Послушав их, Боссан-эдже допила чай, остатки выплеснула из пиалы к порогу.
— Оставь эти разговоры, невестка, — мягко, но серьёзно начала она. — Бедняжка ничем перед тобой не провинилась, да и никому ещё не сделала ничего дурного. Детей, говоришь, не любит… Вот уж неправда. Как у тебя язык поворачивается!
— А что? — вскинулась Оразгюль. — Я ей ничего плохого не говорю.
— Я другое замечаю. Слова человеческого она от тебя не слышит. Работу самую грязную всегда на неё сваливаешь… Верно говорится: «Сперва к себе огонь приложи, а не обожжёшься, тогда и к другому». Перестань обижать её, говорю тебе.
— Но и ей не давайте на шею садиться! — визгливым голосом выпалила старшая гелии. — «Учи ребёнка сызмала, жену сызнова», разве не так? Что за девка своенравная?! Борык не надевает, как у всех, переоделась в старьё, а теперь, пожалуйста, в поле работать пойду… Нашли себе невестку, нечего сказать!.. Да знала я, знала, что так и выйдет!..
И Оразгюль рукавом закрыла лицо, притворно всхлипывая. На Боссан-эдже, впрочем, это нисколько не подействовало. Тут заговорил, не желая оставаться безучастным, Атак.
— Я тоже думаю, — он погладил редкую тёмную бороду, — не следует ей пока что быть среди посторонних…
— Конечно! Конечно! — поддержала мужа Оразгюль. — Всякое может случиться.
— И верно говорит жена: пусть невестка дома побольше работает.
Горько было слушать такие речи Боссан. Будто ей в сердце иглой кололи… Боссан-эдже, однако, сдержалась и даже виду не показала. Только, прибирая посуду, предложила Атаку:
— Ты бы, милый, об этом лучше переговорил с отцом.
— Отец не из тех, чтобы в этом разобраться. Эх!.. — Атак махнул рукой и потупился.
Оразгюль поднялась с места, сделав знак мужу. Потом обратилась к свекрови:
— Мама, вы не думайте, что я хочу ей худого. А с домашними делами и сама управлюсь. Но — не давайте вы ей на шею садиться! Вам же будет хуже, плакать станете… Это вам не Оразгюль.
Они удалились.
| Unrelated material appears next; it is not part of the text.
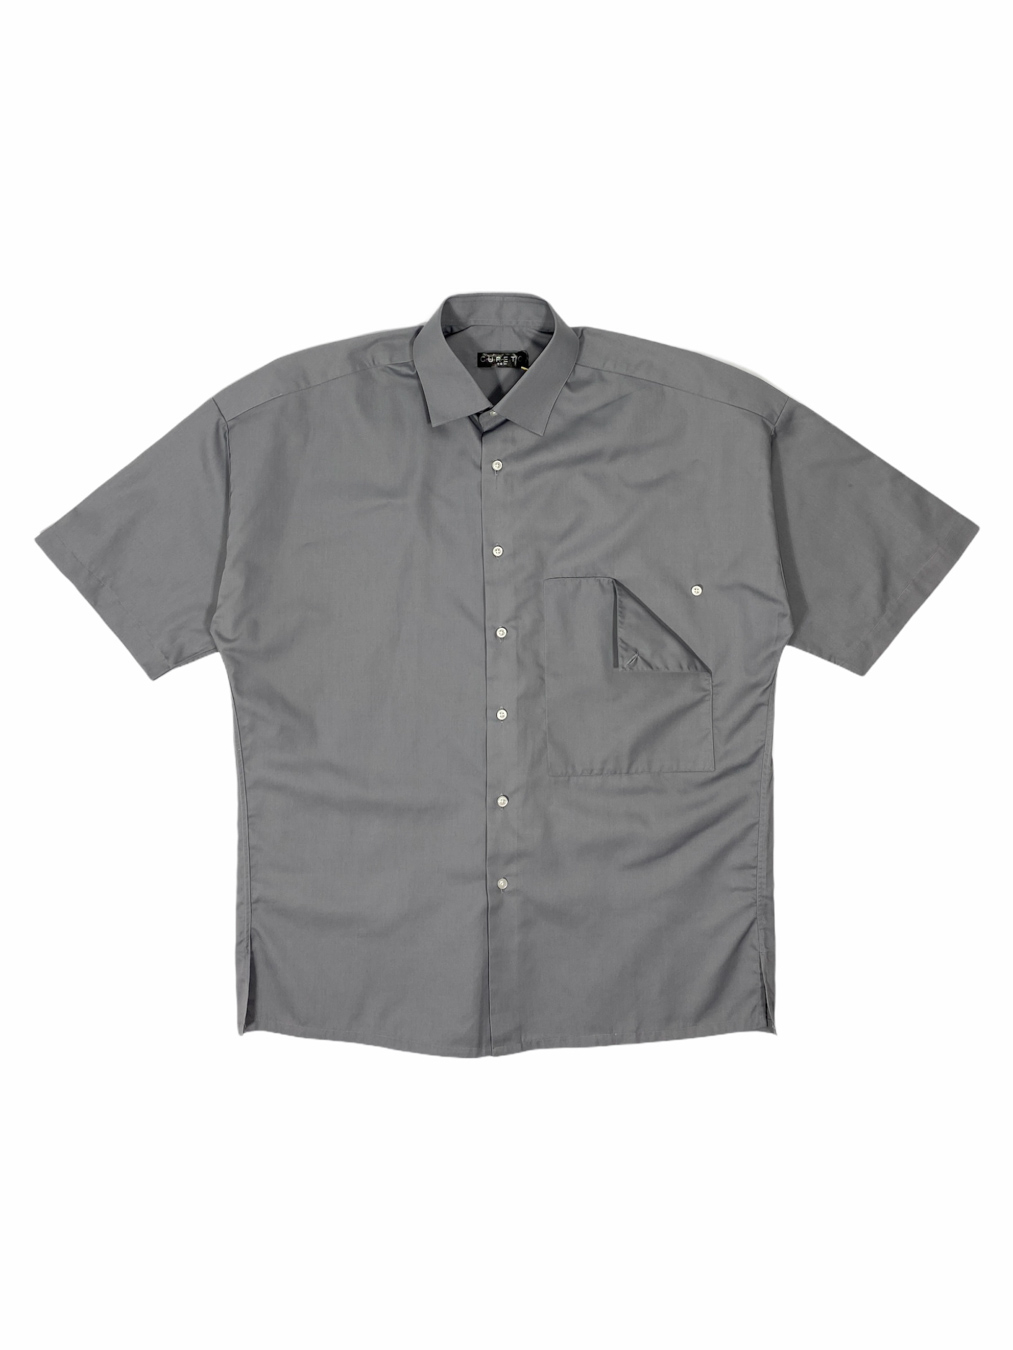 Pocket Shirt (Grey)
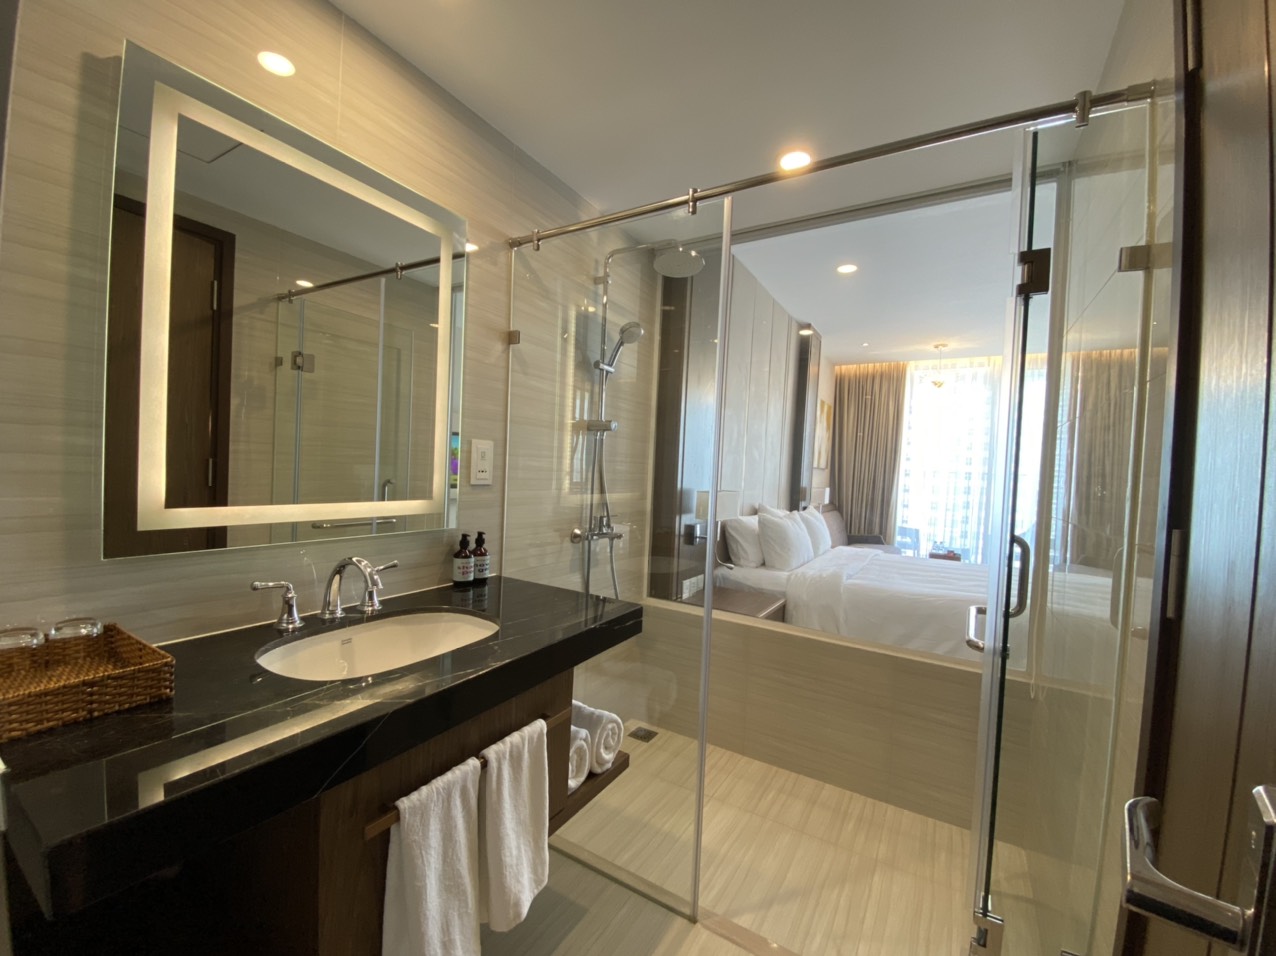 Panorama Nha Trang for rent | Cityview | no Bathtub | 9.5 million VND

Боссан-эдже немного посидела, потом в сердцах отшвырнула от себя подушку.
— Чтоб тебе высохнуть! Навязалась ты на голову Атака… Сколько злобы в твоём сердце! Ну, да что тут поделаешь…
Она вышла из кибитки. Из дверей кирпичного дома доносился голос Оразгюль:
— Не говори! Твои родители за собаку меня считают… Выгораживают младшую гелин, а нет, чтобы мне помочь…
В ответ забормотал что-то Атак. И ему плачущим, визгливым голосом вторила жена. Атак повысил голос:
— Перестань же наконец! А эта гордячка будет, как миленькая, выносить золу из твоего очага. Иначе нашему Чопану придётся отказаться от старшего брата. Пусть только возвратится живым с войны… Ну-ка, довольно тебе хныкать!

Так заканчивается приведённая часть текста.